Alpine Trail vs Vintage Vogue
Where Alpine Trail belongs to Behr's range, Vintage Vogue is a Benjamin Moore color. Both sit in the green-grey family, which is useful context if you're narrowing within a single hue direction. They have nearly identical light reflectance values (10 vs 12), so they'll read as similarly Dark in most lighting conditions. Both lean green, so they'll behave similarly in mixed or changing light conditions. The ΔE 3.9 gap is real but not dramatic — close enough to use together, distinct enough to matter as a choice. Below you'll find 1 real-room photo comparison where both colors appear side by side, plus 5 simulated room previews.

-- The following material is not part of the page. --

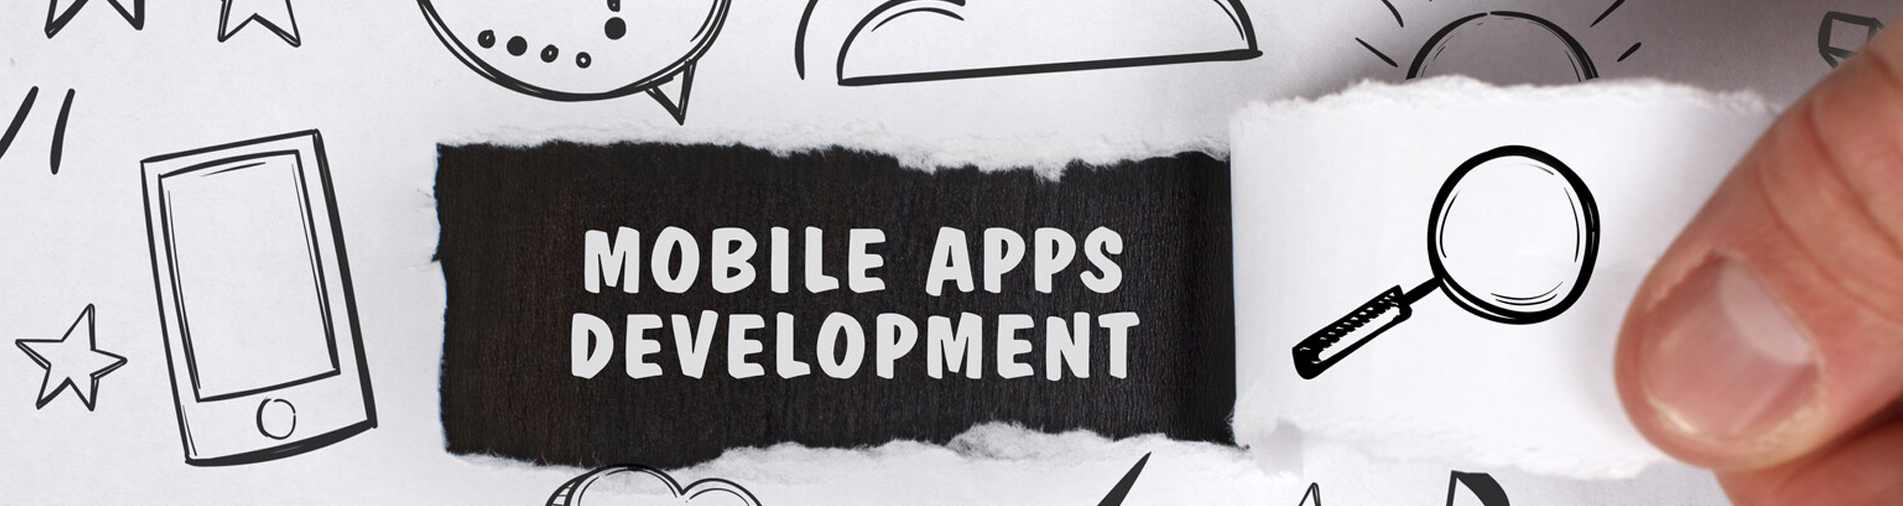 Six Emerging Trends of Mobile App Development Post Covid-19 and App Forecast 2020-2024
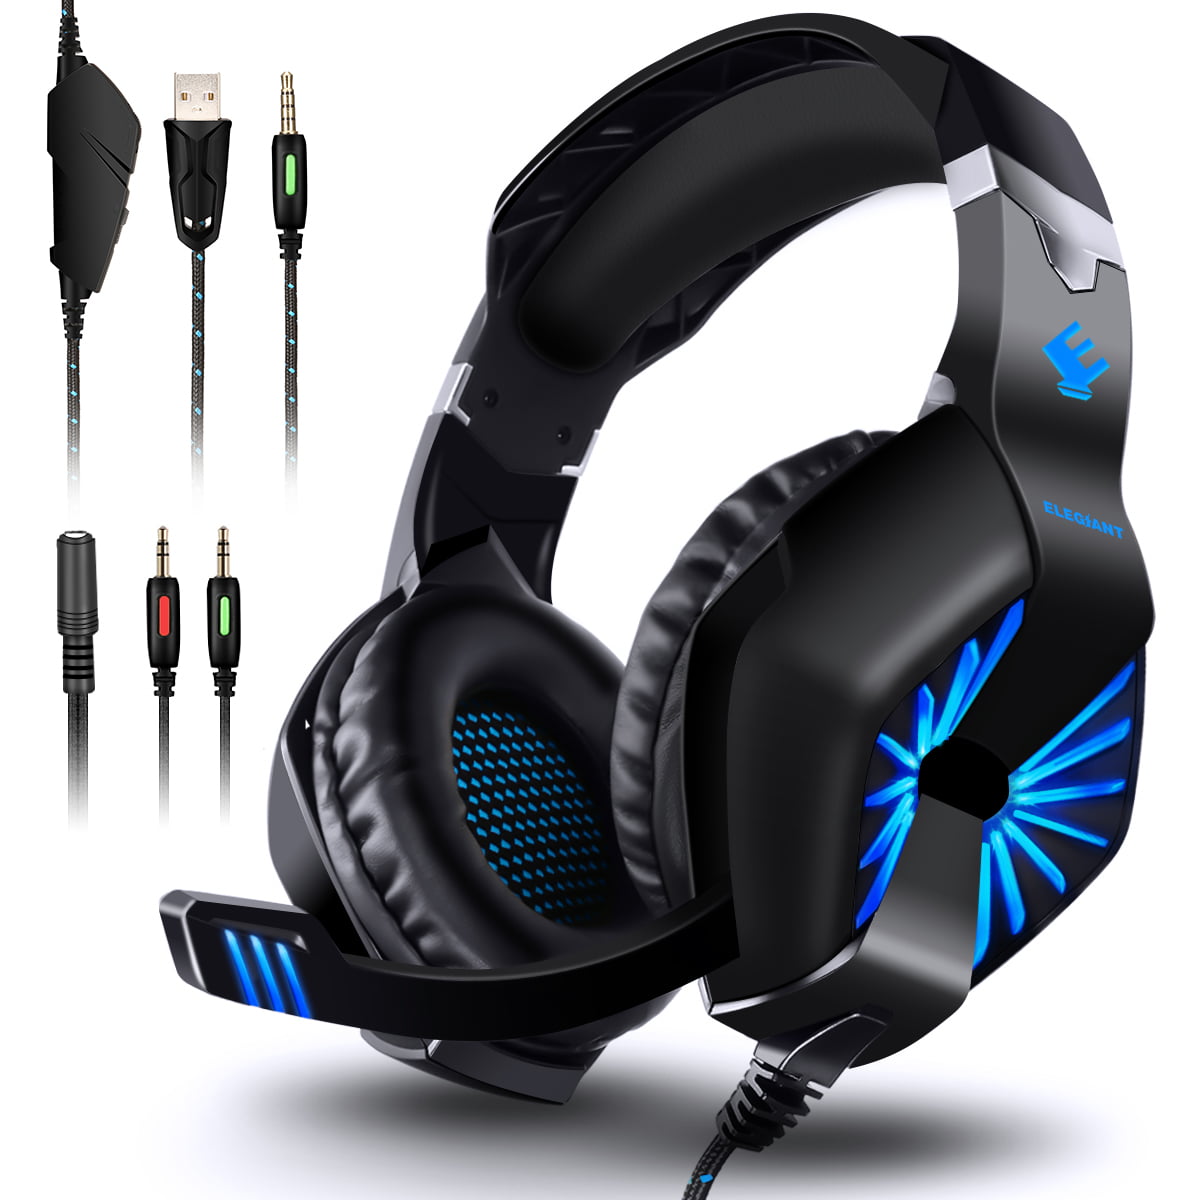 Gaming Headset, Gamer Headphone Headset Noise-Canceling Stereo Bass with Mic Adjustable 3.5mm Jack USB LED Light for Video Games Switch PS4 Computer Tablet PC Smartephone

Alpine Trail vs Vintage Vogue in Real Spaces
1 real room side by side. Alpine Trail and Vintage Vogue are close enough that the difference can be hard to judge from a chip alone — these photos show how each reads at scale, across different spaces and lighting conditions.
Living Room
In a living room, color works across both daylight and evening light — the same wall can read very differently at noon and at 8pm. Side by side like this, the difference is easy to read — which is exactly why seeing them in a real space is more useful than comparing chips.
Color Details
Alpine Trail vs Vintage Vogue Simulated Comparison
5 simulated room previews — drag the slider on each to see Alpine Trail on one side and Vintage Vogue on the other.
Digital color is approximate. These simulations are generated from the manufacturer's hex values and overlaid on grayscale room photos — your screen's calibration, brightness, and viewing angle all affect how they render. Before committing to either color, test physical samples in your own space under the light you actually live with.
More Alpine Trail comparisons
See how Alpine Trail stacks up against other well-photographed colors across different brands and tones.